Given $n+1$ distinct nodes $x_0 < x_1 < \cdots < x_n$ and values $f_0, \ldots, f_n$ , find a polynomial $p_n \in \mathbb{P}_n$ such that

p_n(x_j) = f_j, \qquad j = 0, 1, \ldots, n.

(1)

Theorem 1 (Existence and Uniqueness)

For any $n+1$ distinct nodes there exists a unique $p_n \in \mathbb{P}_n$ interpolating the data.

Proof 1

Three Bases for $\mathbb{P}_n$ ¶

Polynomials of degree $\le n$ form an $(n+1)$ -dimensional vector space. Picking a basis $\{\phi_0, \ldots, \phi_n\}$ writes every polynomial as $p_n(x) = \sum_j c_j\, \phi_j(x)$ . The interpolation conditions $p_n(x_i) = f_i$ then become a linear system $\Phi\, \mathbf{c} = \mathbf{f}$ where $\Phi_{ij} = \phi_j(x_i)$ . The cost of interpolation, its conditioning, and how easily we can extend it later all depend on which basis we pick. We discuss three.

Monomial basis¶

The basis you already know, $\{1, x, x^2, \ldots, x^n\}$ . The motivation is familiarity: every polynomial is written in this basis when you first meet it. The coefficients $c_j$ are then the usual coefficients of $x^j$ , and the values↔coefficients system $\Phi\, \mathbf{c} = \mathbf{f}$ takes the explicit form

\underbrace{\begin{pmatrix} 1 & x_0 & x_0^2 & \cdots & x_0^n \\ 1 & x_1 & x_1^2 & \cdots & x_1^n \\ \vdots & & & & \vdots \\ 1 & x_n & x_n^2 & \cdots & x_n^n \end{pmatrix}}_{V} \begin{pmatrix} c_0 \\ c_1 \\ \vdots \\ c_n \end{pmatrix} = \begin{pmatrix} f_0 \\ f_1 \\ \vdots \\ f_n \end{pmatrix}.

(2)

$V$ is the Vandermonde matrix. Each row records the powers of one node; each column records one monomial sampled at all nodes.
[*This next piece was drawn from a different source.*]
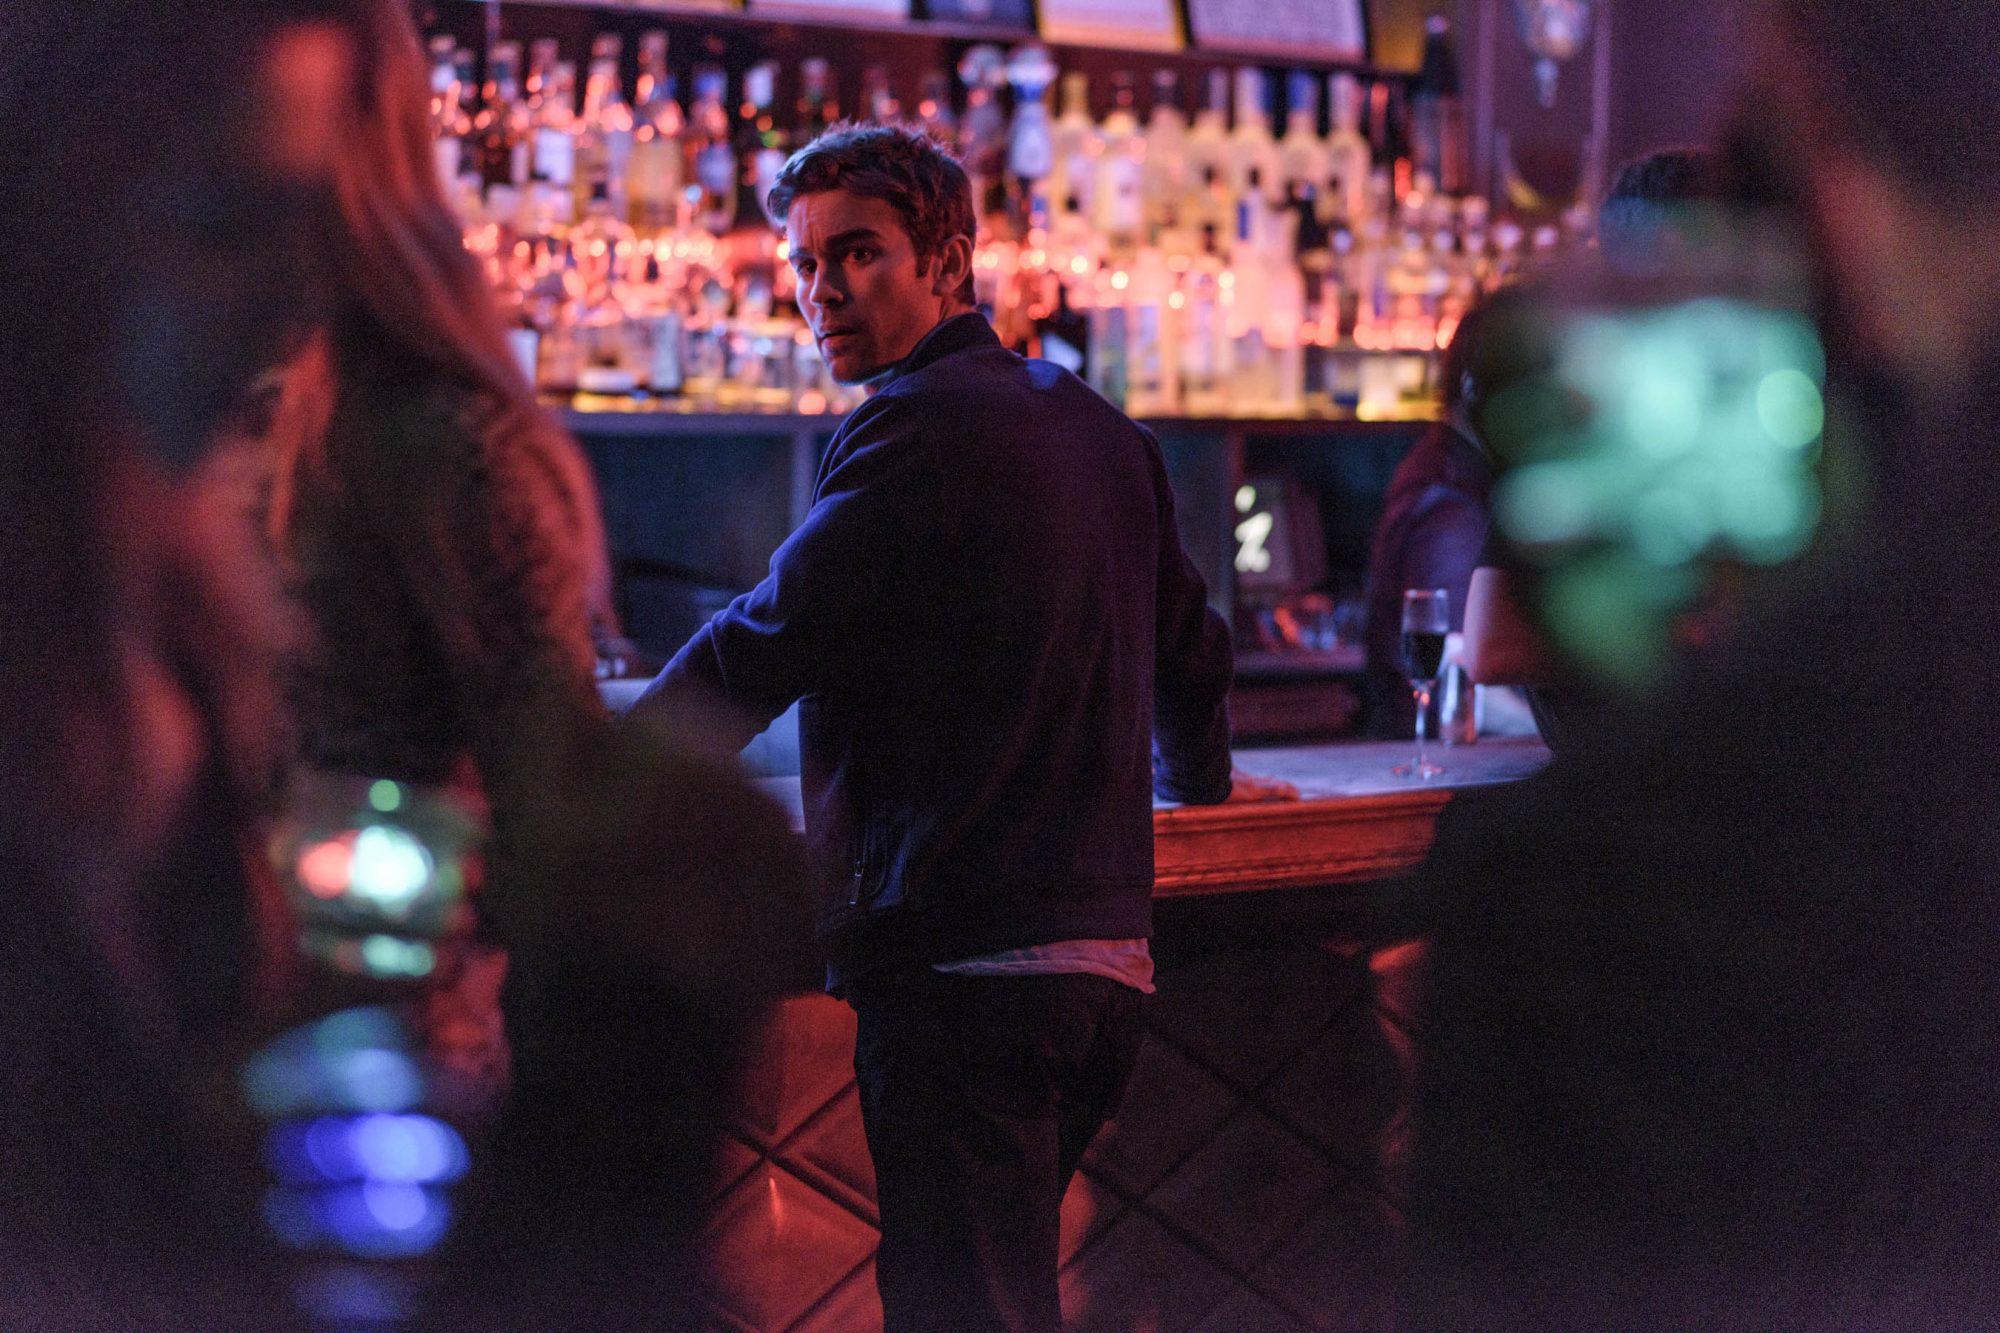 Nighthawks Chace Crawford CR: FilmRise Releasing

The system is solvable whenever the nodes are distinct, but solving it is numerically a disaster: the condition number $\kappa(V)$ grows exponentially in $n$ .

import numpy as np
import matplotlib.pyplot as plt

ns = np.arange(4, 41, 2)
kappa_eq = []
kappa_ch = []
for n in ns:
    x_eq = np.linspace(-1, 1, n+1)
    x_ch = np.cos(np.pi * np.arange(n+1) / n)
    kappa_eq.append(np.linalg.cond(np.vander(x_eq, increasing=True)))
    kappa_ch.append(np.linalg.cond(np.vander(x_ch, increasing=True)))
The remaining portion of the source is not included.